I was at Adobe Max this year when  Microsoft CEO Satya Nadella came on stage to talk about the Surface Pro 3 and their deepening collaboration with Adobe. His speech featured this video:

Although a lot of the applications and features showcased in the video were prototypes I, like many others in the room, was just starting to think that maybe I should look into a Surface device when Nadella announced that everyone in the room was getting a Surface Pro 3 to take home. It took a couple of seconds to sink in and then the room went nuts. It was like a geeky version of Oprah’s car give away: “You’re getting a Surface, and you’re getting a surface. We’re all getting a Surface!”

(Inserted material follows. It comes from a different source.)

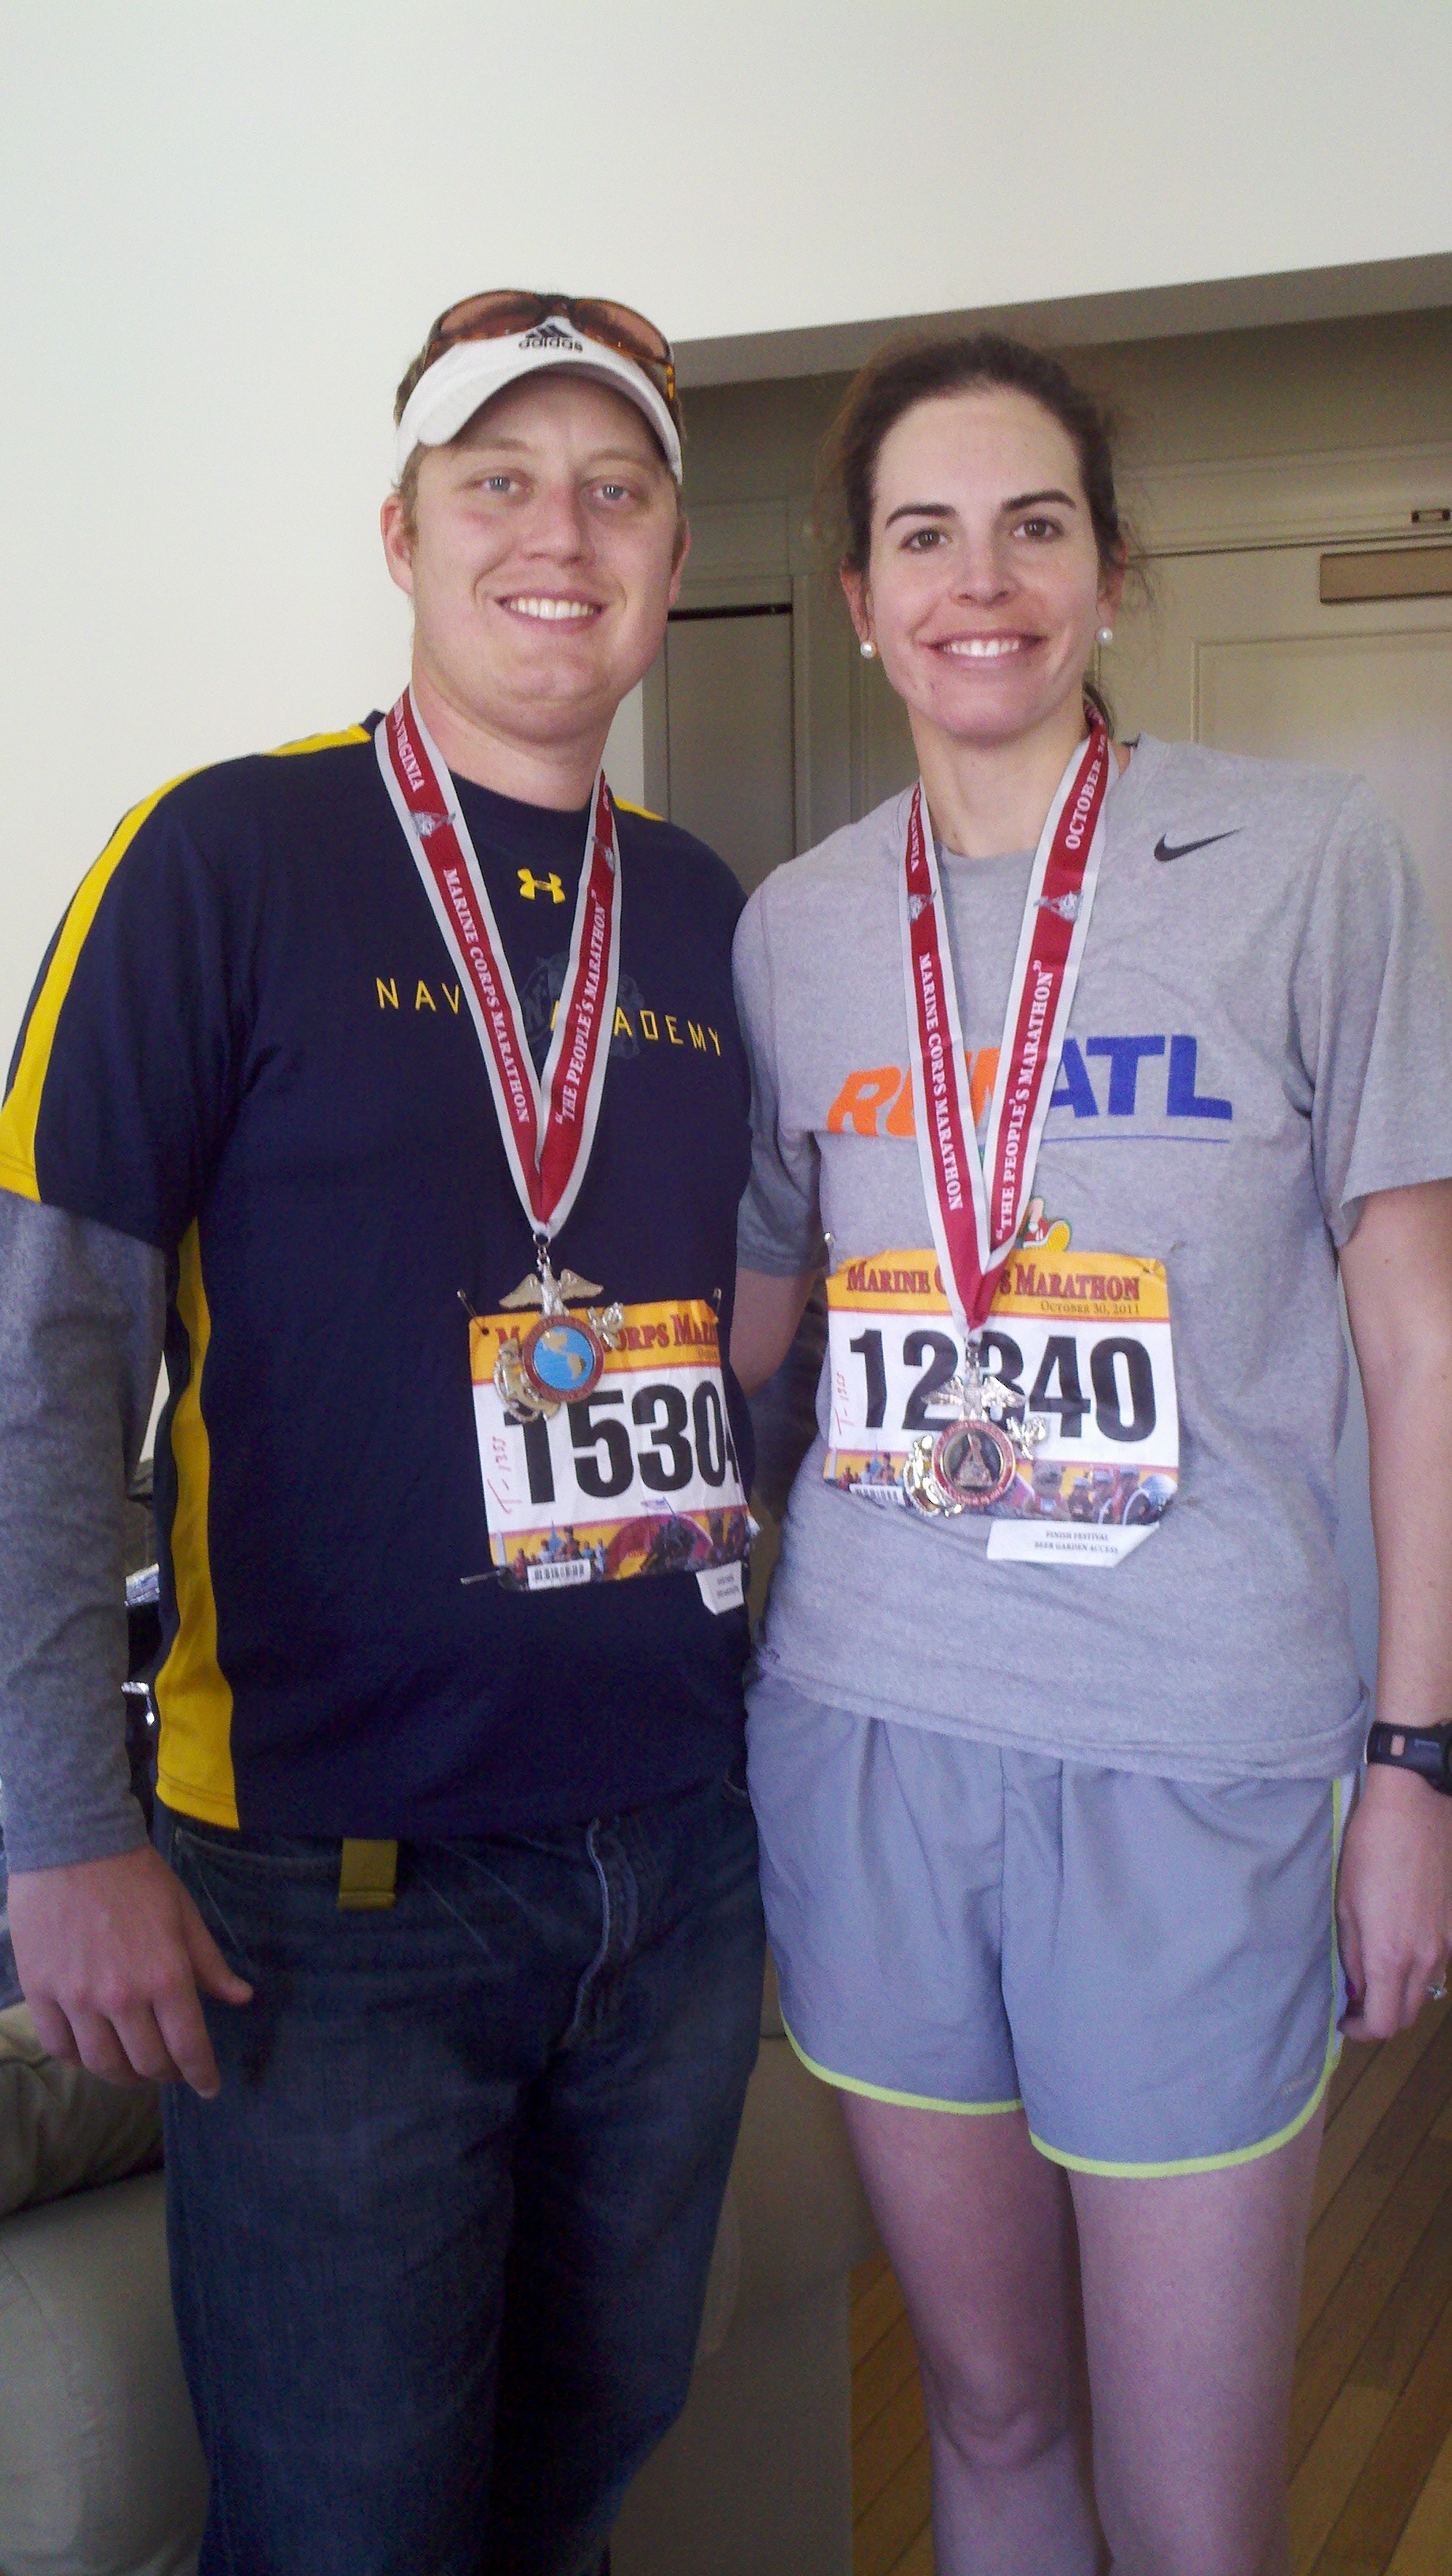 Marathon - Taking it easy

This wasn’t the first time this year that Microsoft has given away thousands of these machines to get them in the hands of influencers and out on the street: they’ve given them to journalists, analysts and techies but this was the first time they’d targeted creatives. It’s a pretty bold move on their part because the creative field has long been dominated by Apple. I’d guess that 9 out of 10 laptops I saw at Adobe Max were MacBooks and, at work, where I prefer to use a windows desktop, I am the anomaly. Microsoft want this to be a machine that’s all things to all men. They want it to be accepted in the corporate world as well as on university campuses, worldwide, coffee shops and in creatives’s designer messenger bags. They also want it to replace both your iPad and your MacBook Air and their TV ads are challenging the Macbook Air’s dominance in the ultrabook category.

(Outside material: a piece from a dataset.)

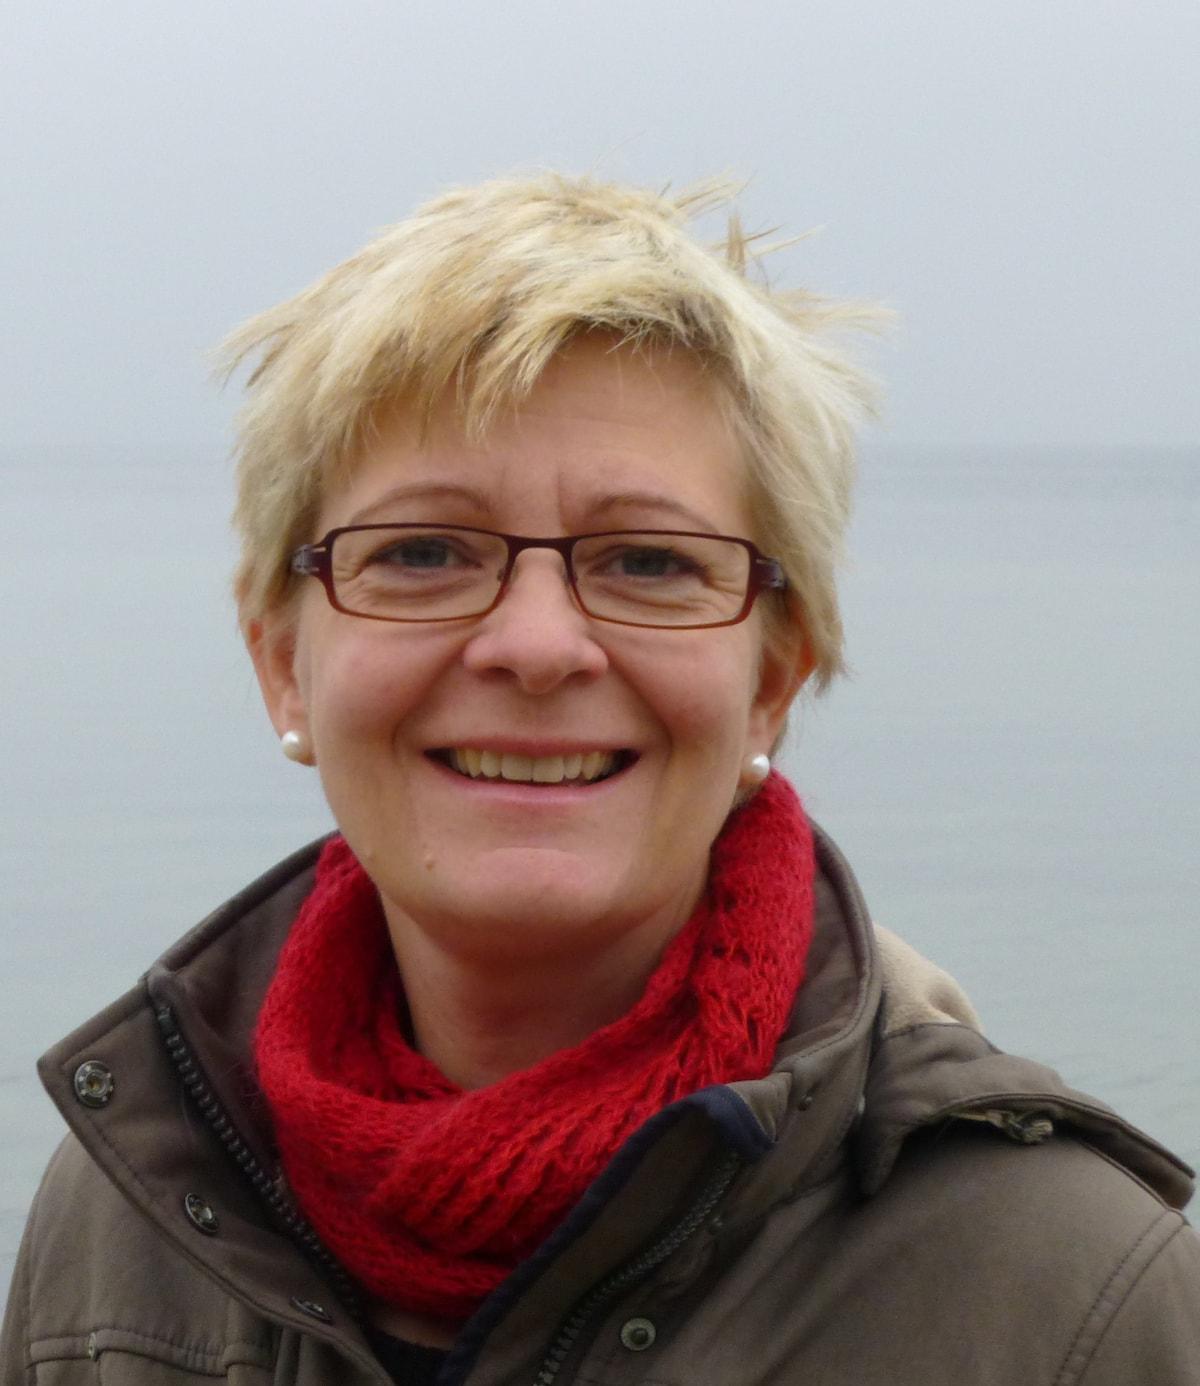 Charlotte from Tranekær

I’ve mentioned the attack from behind marketing approach before and it’s only something you do when you’re the underdog. Microsoft; the underdog? Really?

Microsoft are no longer the behemoth they once were. They’re not going away anytime soon, as long as people still by PC’s with Windows pre-installed but, a lot of people are realizing they don’t even need a PC anymore as they can do everything they need to do on their tablet or even their phone (or fabulet). MS Office has been a massive revenue generator in the corporate world but many people realize that they can use free alternatives such as Google Docs and Open Office for most of their needs. The Xbox has been a market leader but casual gaming on mobile devices is now a much larger potential market than the dedicated gamer. Microsoft know this but they’ve made several missteps as they try to adjust: think about the Zune v the iPod, the Windows Phone v the iPhone and the original Surface v the iPad.

The original Surface was launched two Christmases ago as a direct competitor to the iPad. The trouble was it was rushed to market in time for the gift buying season with some major software issues. It was also more expensive than the equivalent iPad and just not as nice a device to use. MS were going to have to work much harder than that to get people to move from their Apple tablets. For me, that’s where the Surface story had stalled. I just thought of it as a poor version of the iPad and wasn’t paying attention to it’s evolution and that’s why Microsoft has been working so hard to get Surface Pro 3’s on the street and spending so much on advertising this product. They’re working hard to readjust the public’s view of the Surface line – it’s not just an iPad alternative (in fact, in many ways, that’s the least it is), it’s also an ultra-portable laptop and a machine that you can get things done on and be a creative tool that’s always to hand.

And their hard work seems to be paying off as the Surface Pro 3 has quickly become their best seller but they’ve still got a ways to go to persuade us all to give up our current laptops, MacBooks Airs and iPads and replace them with a Surface Pro 3. Is that even a practical, or desirable, proposition? As this device just fell into my lap (see what I did there?) I decided to try to see how the Surface fared as a content creation tool for a month. The timing of the arrival of this device couldn’t have been much better for me as my 2 year old iPad 3 was just starting to get bogged down with Apps and iOS updates. My work laptop is so uninspiring I use it only when I really have to and my personal compact laptop was so dated it hasn’t been used in months. Most of my real work, and a lot of my personal projects, are executed on a massively powerful, and expensive desktop at work, and a slightly more modest desktop at home. Most of my internet and media consumption is still done on my iPad. Interestingly, the iPad is becoming less, solely, a consumption device, to become a content creation device. Adobe are still spending a lot of time and effort to create mobile iOS apps that integrated with the rest of their CC offering, however, they’re all cut-down versions of their full-blown Windows or Mac programs.  You start a project on Adobe Clip but then you do the real work in Premiere Pro and iOS version of Lightroom will let you review work and make simple adjustments out in the field, but, the assumption is that you’ll finish that work on a ‘real machine’.

The Surface Pro 3 runs a full version of Windows 8 and has a real i5 processor (i3 and 7 processors are also available) so it runs full versions of the Adobe CC programs. I spend most of my work day inside Premiere and After Effects and I’m not expecting the Surface to be my go-to machine for that but what about photo editing on the fly, editing an audio podcast or messing around with music creation in my favorite DAW? I’m going to live with the Surface for a month and see how and where it fits in to my professional and creative lives.